» About this exercise:
Could you please output all of the data exactly, without the images?

» Supplied data:

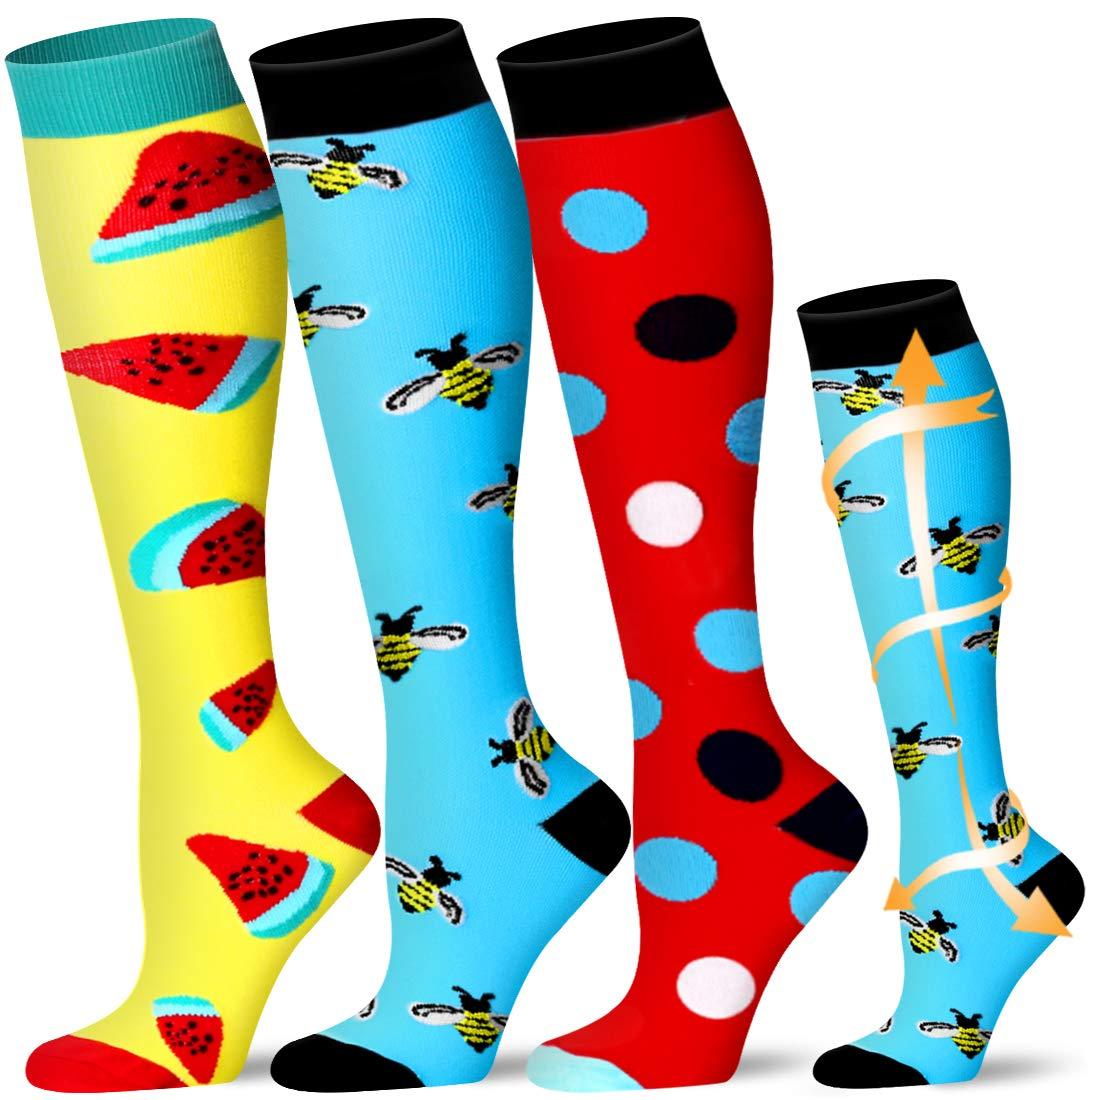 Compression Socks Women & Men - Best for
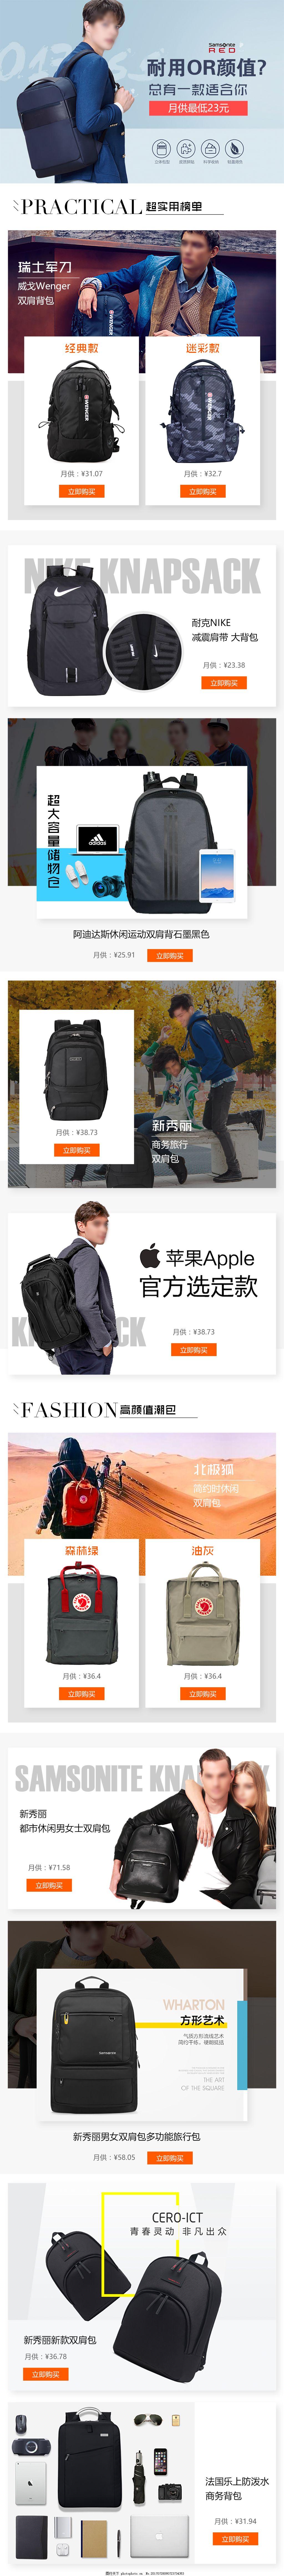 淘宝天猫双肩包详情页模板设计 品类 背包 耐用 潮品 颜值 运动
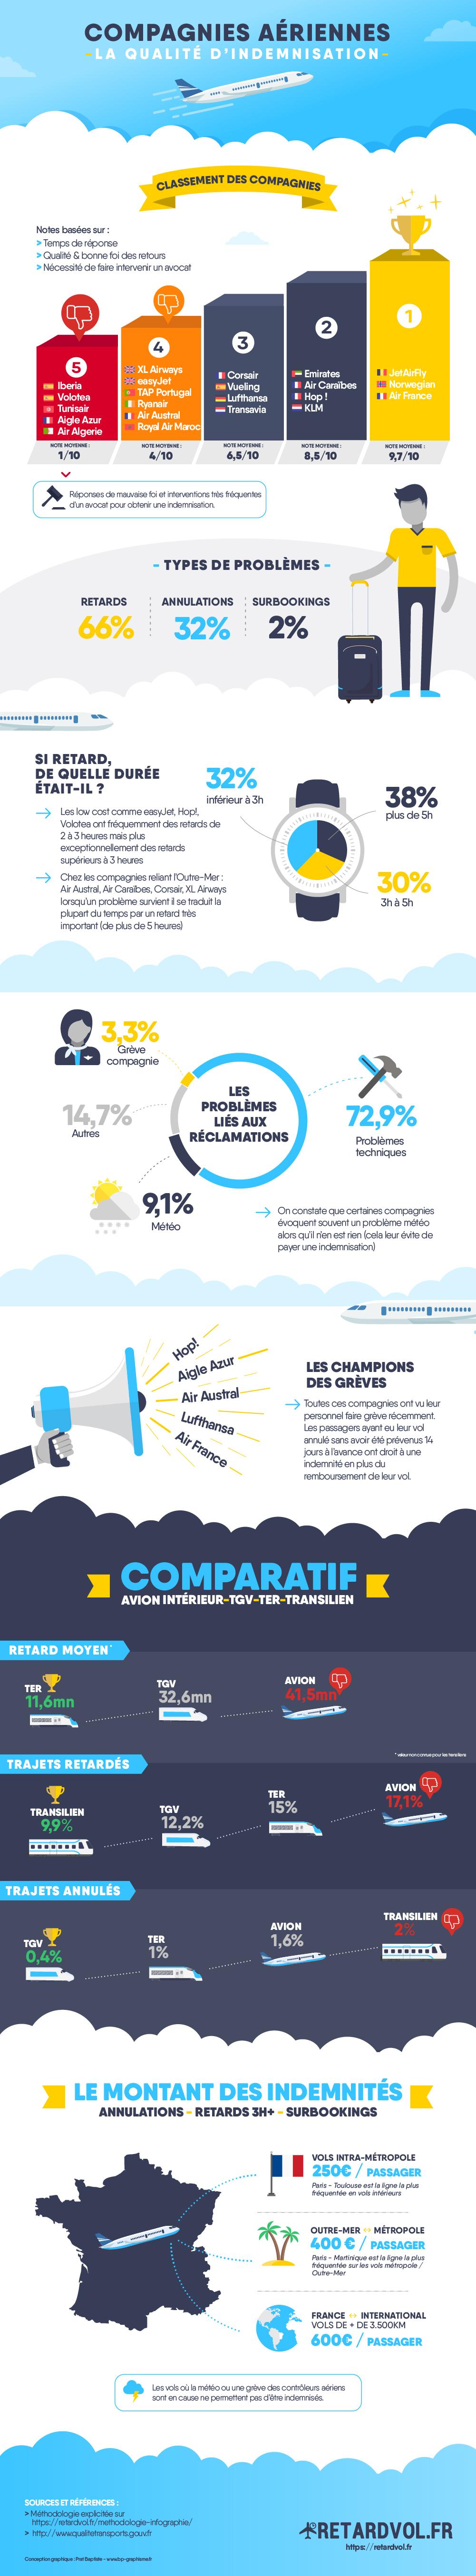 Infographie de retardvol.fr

» Answer to this exercise:
 Compression Socks Women & Men - Best for
 淘宝天猫双肩包详情页模板设计 品类 背包 耐用 潮品 颜值 运动
 Infographie de retardvol.fr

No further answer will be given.